Subject: Re: [xsl] XSLT or static site generator
From: "David Cramer david@xxxxxxxxxxxx" <xsl-list-service@xxxxxxxxxxxxxxxxxxxxxx>
Date: Mon, 2 May 2016 15:16:51 -0000
On 5/2/16 9:22 AM, Eliot Kimber ekimber@xxxxxxxxxxxx wrote:
> Many of the documentation Web sites and online help for the products you
> know and love are generated from DITA XML, including Oracle, IBM, Adobe,
> Cloudera, Oculus, Nokia, and many many others (those are just companies I
> know about personally).

See https://www.staticgen.com/ for a useful list of open source static
site generators.

DocBook and DITA have both been doing static site generation for years
(decades in the case of DocBook).
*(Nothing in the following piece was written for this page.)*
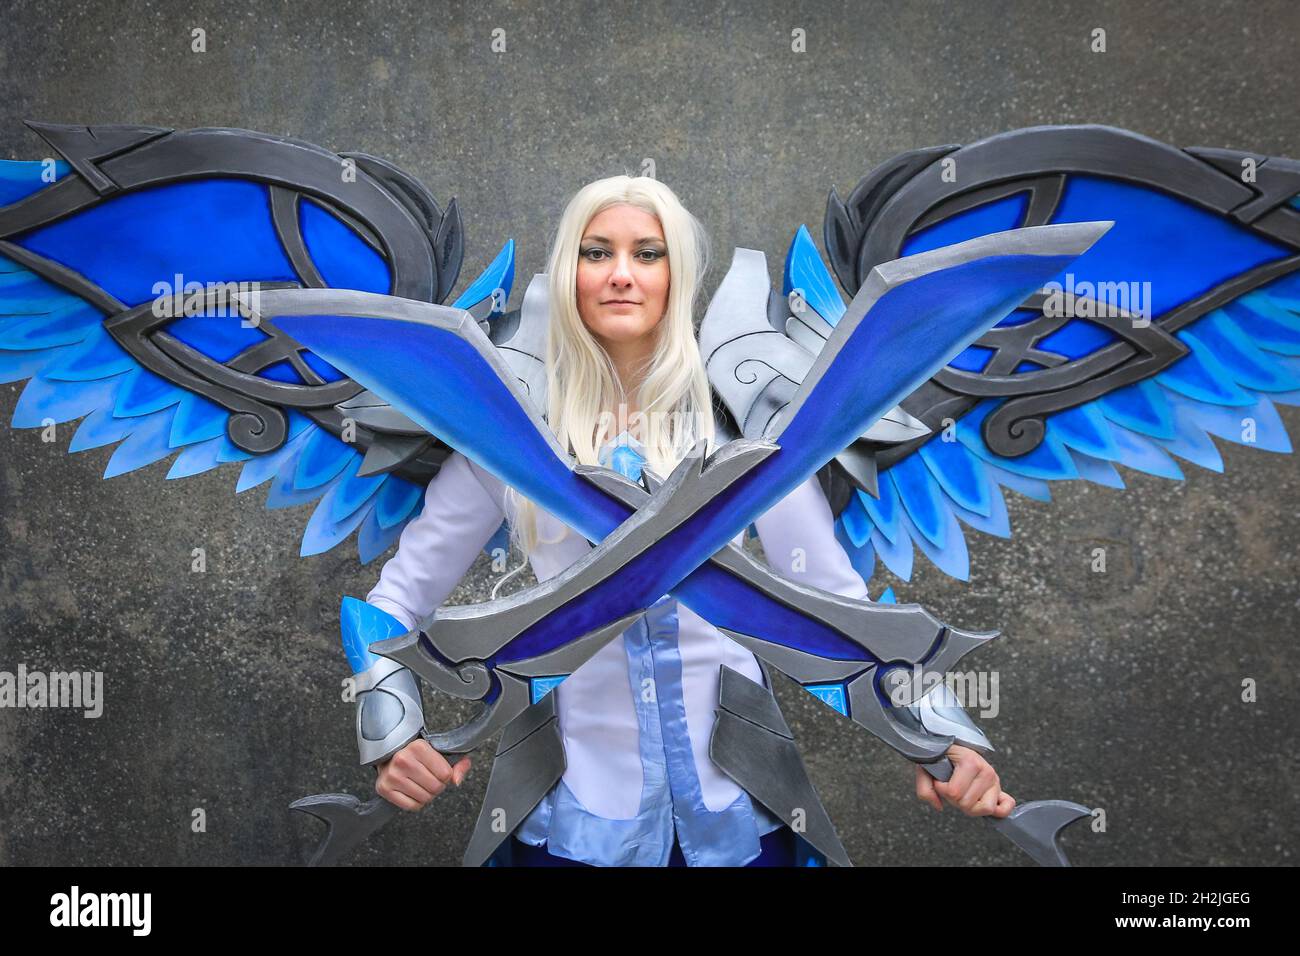 ExCel, London, UK. 22nd Oct, 2021. A cosplayer as Kayle from League of Legends. Cosplayers, fans and visitors once again descend on the ExCel London exhibition centre for MCM Comic Con. MCM London Comic Con returns 22-24 October for a celebration of Pop Culture. Credit: Imageplotter/Alamy Live News Stock Photo

I've done production work with
DocBook, DITA, and Middleman (a Ruby-based static site generator that
supports Markdown), though I'm not doing anything with doc tool chains
in my current role. While I really enjoyed writing xslts and appreciate
the power of semantic markup, I understand the popularity of generators
like Middleman, Jekyll, Sphinx, etc:

These static site generators support light-weight markup formats that
don't require (or all but require) an awesome commercial editor like
Oxygen to be productive. Github in turn supports these formats by
presenting a rendered view when you browse the repository and rendered
diffs in pull requests. Even without those features, the lighter weight
markup formats are easier to read in the line diff tool provided by your
favorite IDE. Editors are the site of holy wars and asking people to use
anything other than their one-true editor is often a non-starter.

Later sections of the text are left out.